Non. La fosse olympique et le skeet sont des disciplines de tir sportif régies par l'ISSF, disputées sur des plateaux d'argile lancés selon des trajectoires normalisées, avec un règlement de compétition strict. Elles n'ont ni le même cadre, ni le même public, ni les mêmes objectifs que la chasse, même si l'arme employée appartient à la même famille.
Ces Jeux comptent-ils pour une qualification olympique ?
Rien dans les communications de la FFTir, de la FFTA ou du CNOSF citées ici n'établit un lien de qualification. Il faut donc les lire comme une compétition internationale à part entière, utile pour la confrontation et l'expérience, sans en déduire d'effet automatique sur une sélection ultérieure.
Quand connaîtra-t-on les porte-drapeaux de la délégation ?

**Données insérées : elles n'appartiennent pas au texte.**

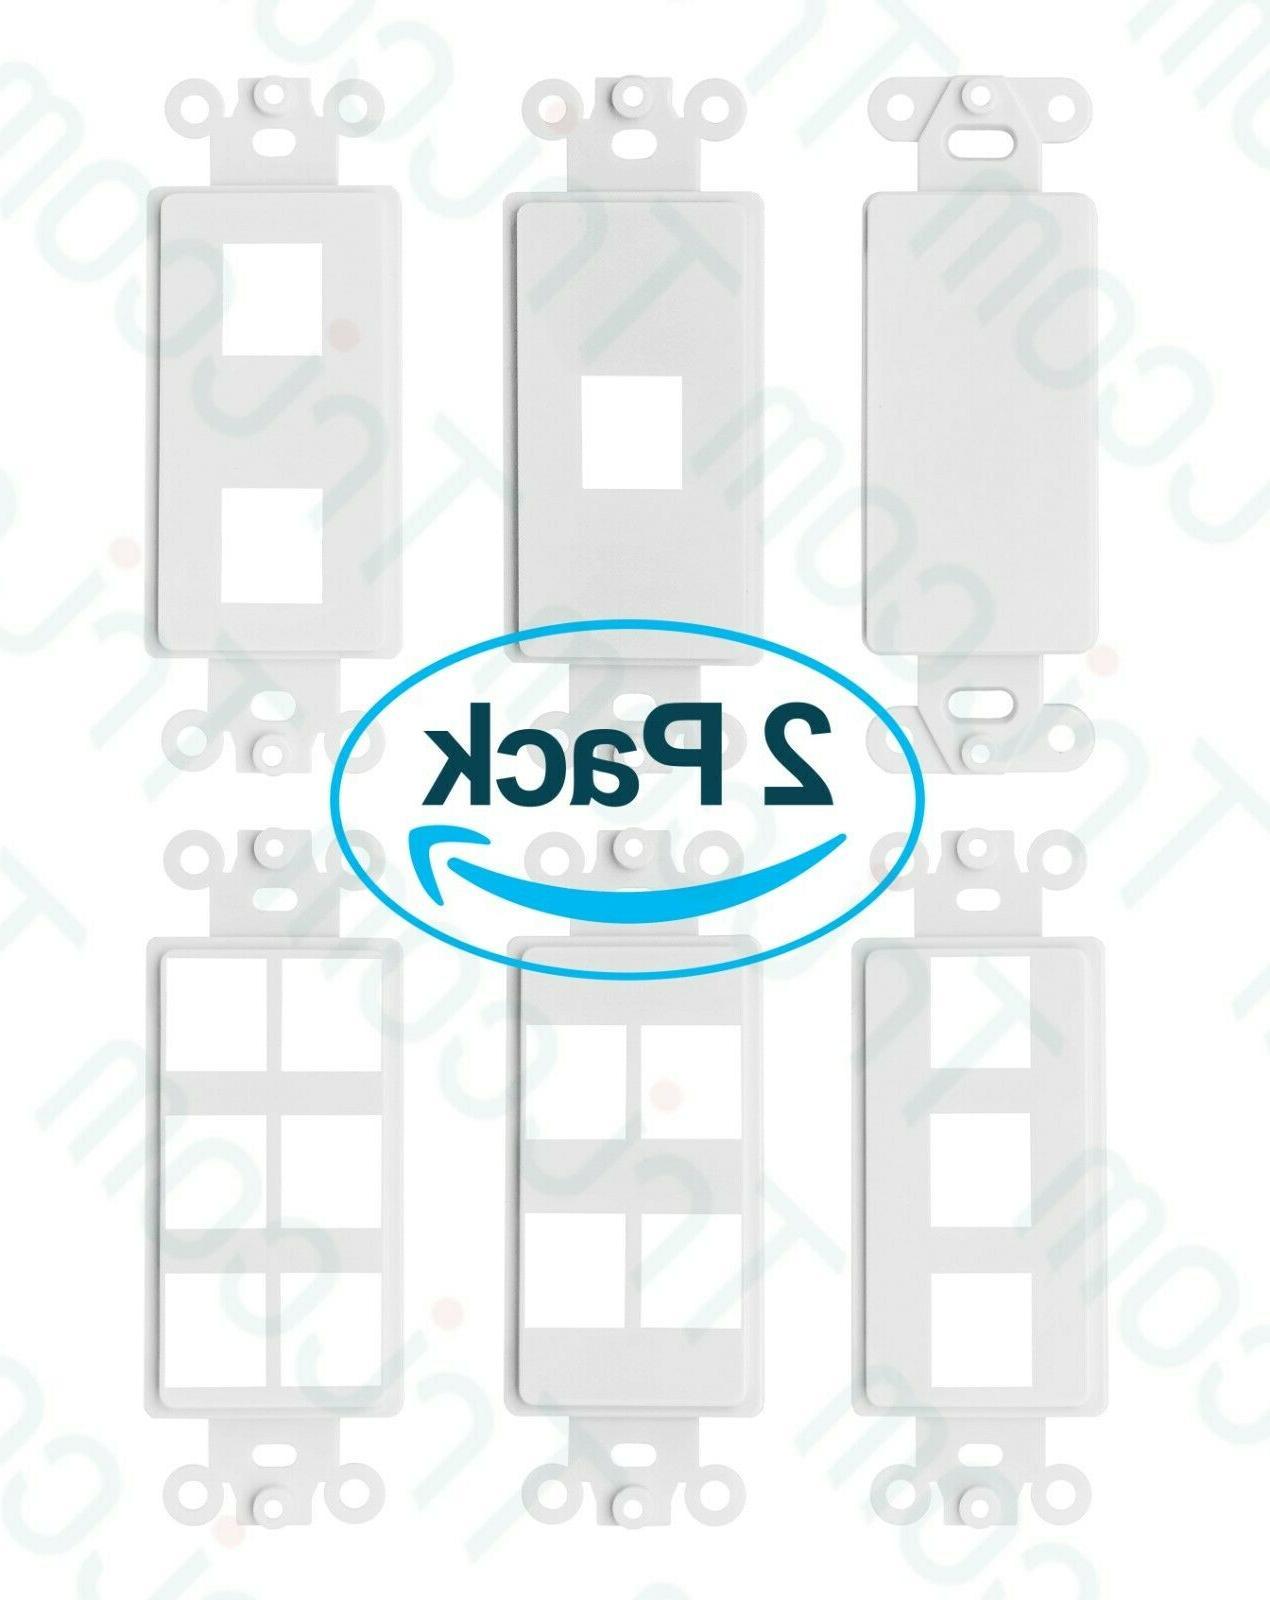 decora rj45 network keystone wall plate insert

Le CNOSF a indiqué le 4 août 2026 que les porte-drapeaux seraient désignés le 17 août 2026, soit quatre jours avant l'ouverture des Jeux. Aucun nom n'était connu à la date de publication de cet article.

En résumé

  • La sélection française pour Tarente confirme que le tir reste l'un des rares sports où une même délégation aligne des athlètes séparés par plus de vingt-cinq ans d'âge.
  • Côté FFTir, la répartition retenue — sept au plateau, quatre à la carabine, quatre au pistolet — donne au plateau près de la moitié de l'effectif.
  • Côté arc, l'absence d'archers à poulies dans la liste tranche avec le calendrier national, qui vient de décerner deux titres élite dans cette arme.
  • Le calendrier est le vrai sujet : les archers rentrent de Tarente le 28 août et les sélections nationales s'ouvrent à Compiègne le 1er septembre.
  • Pour les compétiteurs, l'intérêt de ces Jeux tient moins au palmarès qu'à l'occasion de tirer un format international dense juste avant les échéances de rentrée.